The committee also singled out someone called Dr Mhlanga, who, it said, was listed as chairperson of Mbada but who later crossed the floor to represent the interests of the government.
The committee raised the concern that there is no shared management of the mine between Mbada and the government because Mbada has full control of the operational and financial activities of the mine, hence government just acts as "a bystander" and simply accepts in good faith whatever Mbada declares as profit.
Smuggling and corruption
The parliamentary committee said it had observed with concern that the government had not realised any meaningful contributions from diamonds because there are "serious discrepancies between what it receives and what the diamond- mining companies claim to have remitted to treasury".
The report quoted Mbada Diamonds as saying that it had paid $293-million to the government since it started mining in 2009, including $117-million in 2011-2012. But it pointed out that Biti had said in his 2013 budget statement that the government had only received $41-million in diamond revenues last year.
The report also said there were reports of smuggling from the fields and that at one time two senior security officers employed by one of the mining firms were found in possession of 57 pieces of diamond at a police road block.
The committee said much of the land in Chiadzwa remains under the protection of the army, so there have been no adequate studies to ascertain the quantity of diamonds there. The report estimates that Zimbabwe has the capacity to supply 25% of the global world market.
The committee said Mpofu was violating the ZMDC Act by appointing board members to the parastatal's subsidiary firms when the law prohibits him from doing so.
They added that the minister's unilateral appointments to subsidiary companies saw a number of individuals with conflicts of interests being appointed as board members, to the extent that some of them even owned their own diamond-trading companies.
The report blasted the government's delays in introducing a comprehensive law to regulate the operations of the diamond sector. Although a diamond policy was formulated in 2012, MPs said it cannot be used to enforce transparency in the industry.
Deputy Justice Minister Obert Gutu said: "The fact that Zimbabwe's diamond mining industry is run like a Mafia enterprise is a public secret."
The man behind Mbada
The chairperson of Mbada Diamonds, mega-rich Zimbabwean businessman Robert Mhlanga, is President Robert Mugabe's former personal pilot and is alleged to be his business agent.

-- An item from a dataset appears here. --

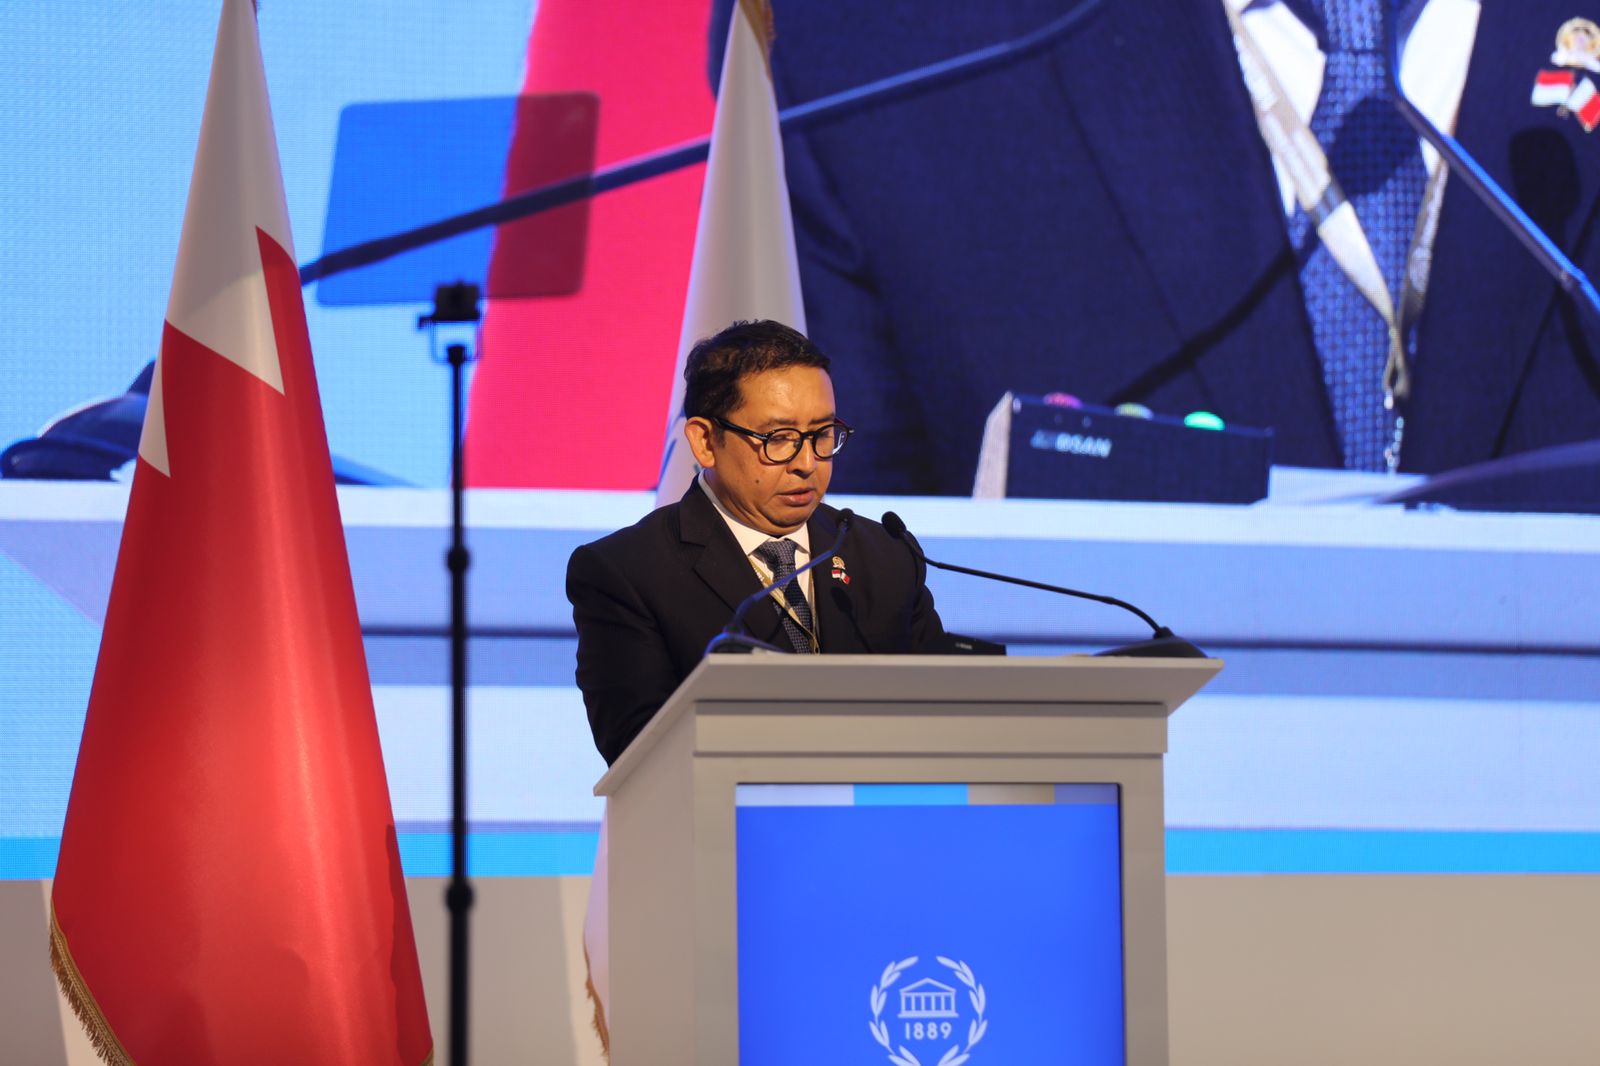 Di IPU Bahrain, Delegasi Indonesia Alihkan Dukungan Draf Emergency Item ke Qatar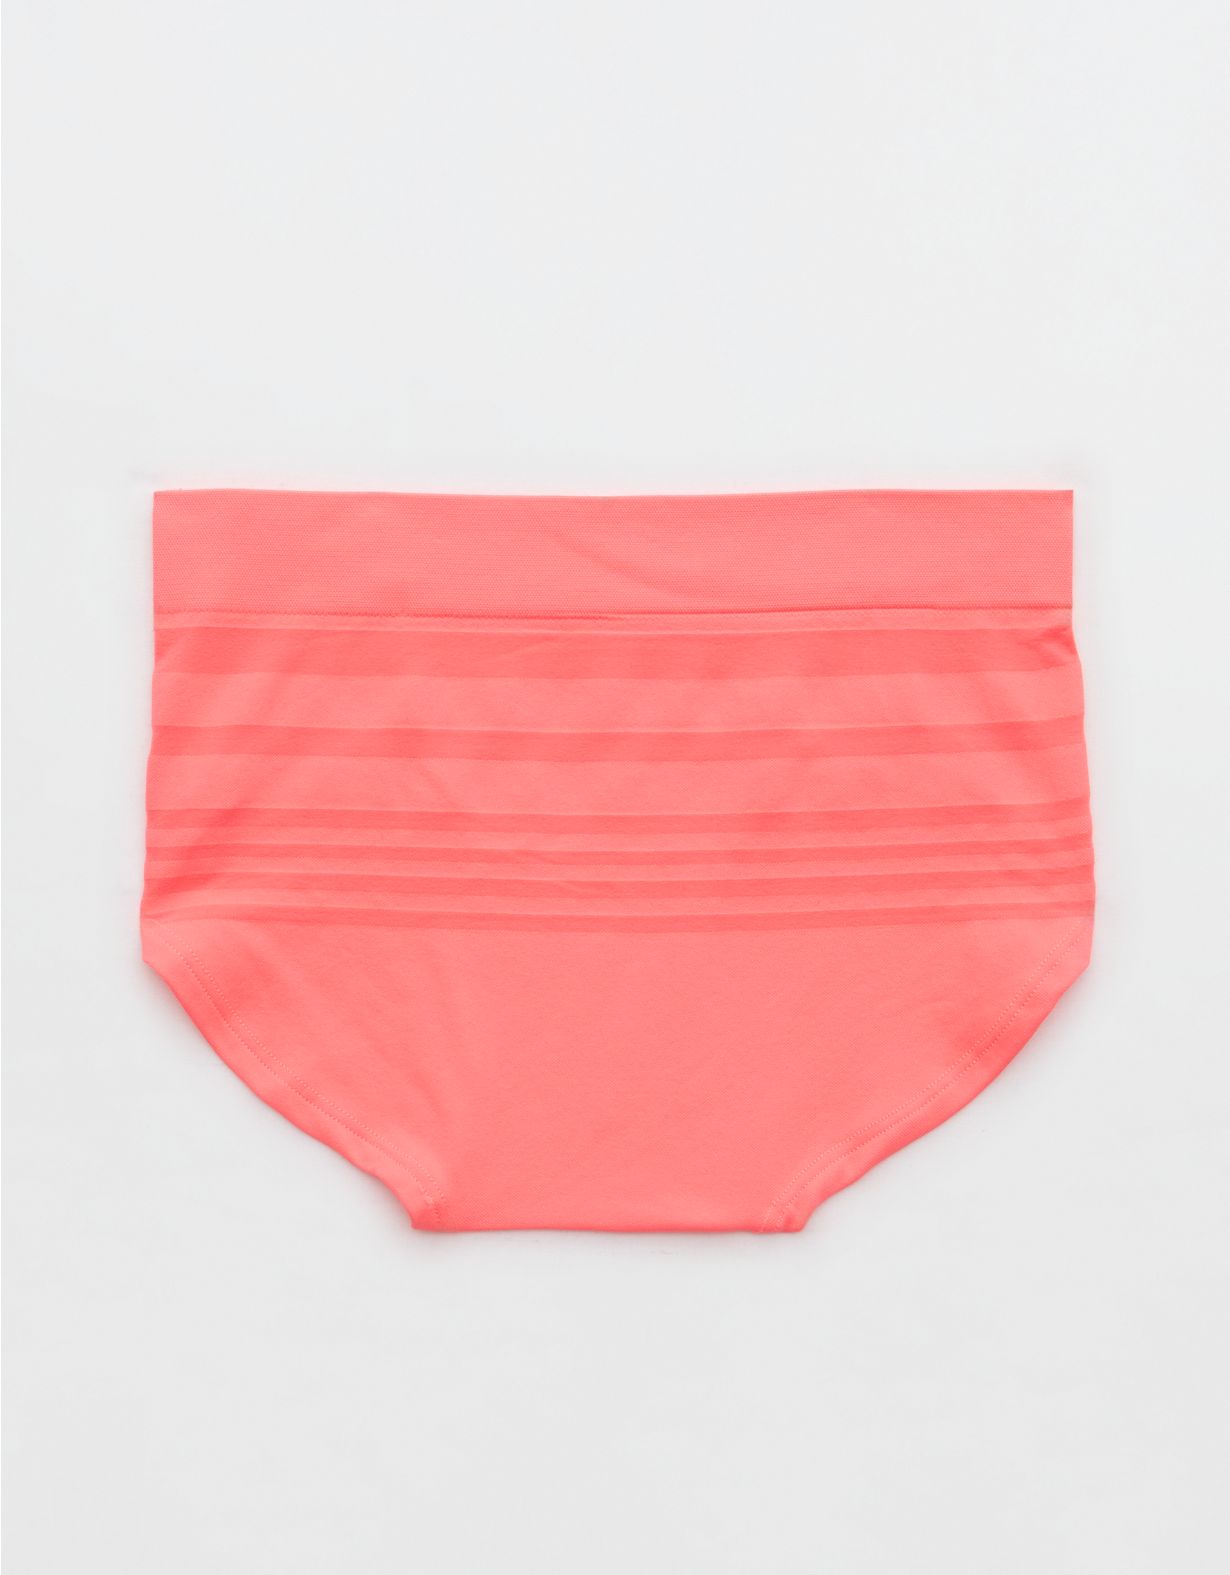 Superchill Seamless Stripe Boybrief Underwear

The Mail & Guardian reported last year that Mhlanga had been on a R185-million property-buying spree, acquiring prime real estate on the Durban north coast and in Sandton, Johannesburg.
His property dealings raised eyebrows because he appeared to be content to pay up to six times the going rate for the properties.
The M&G also reported that he is at the centre of an opaque network of companies based in South Africa, Mauritius, Hong Kong and the British Virgin Islands.
Mbada Diamonds is a 50-50 joint venture with the New Reclamation Group, which entered through its Mauritian registered subsidiary, Grandwell Holdings.
In May this year Mhlanga told Parliament that Mbada Diamonds had had a turnover of just less than $600-million in the past two years.
It had paid half of this in dividends and taxes to Zimbabwe's treasury, 26% towards working capital and 24% (about R612-million) to private shareholders.
Mbada diamonds last year claimed it was under attack from a "jealous and outright anti-Zimbabwe and anti-African Agenda".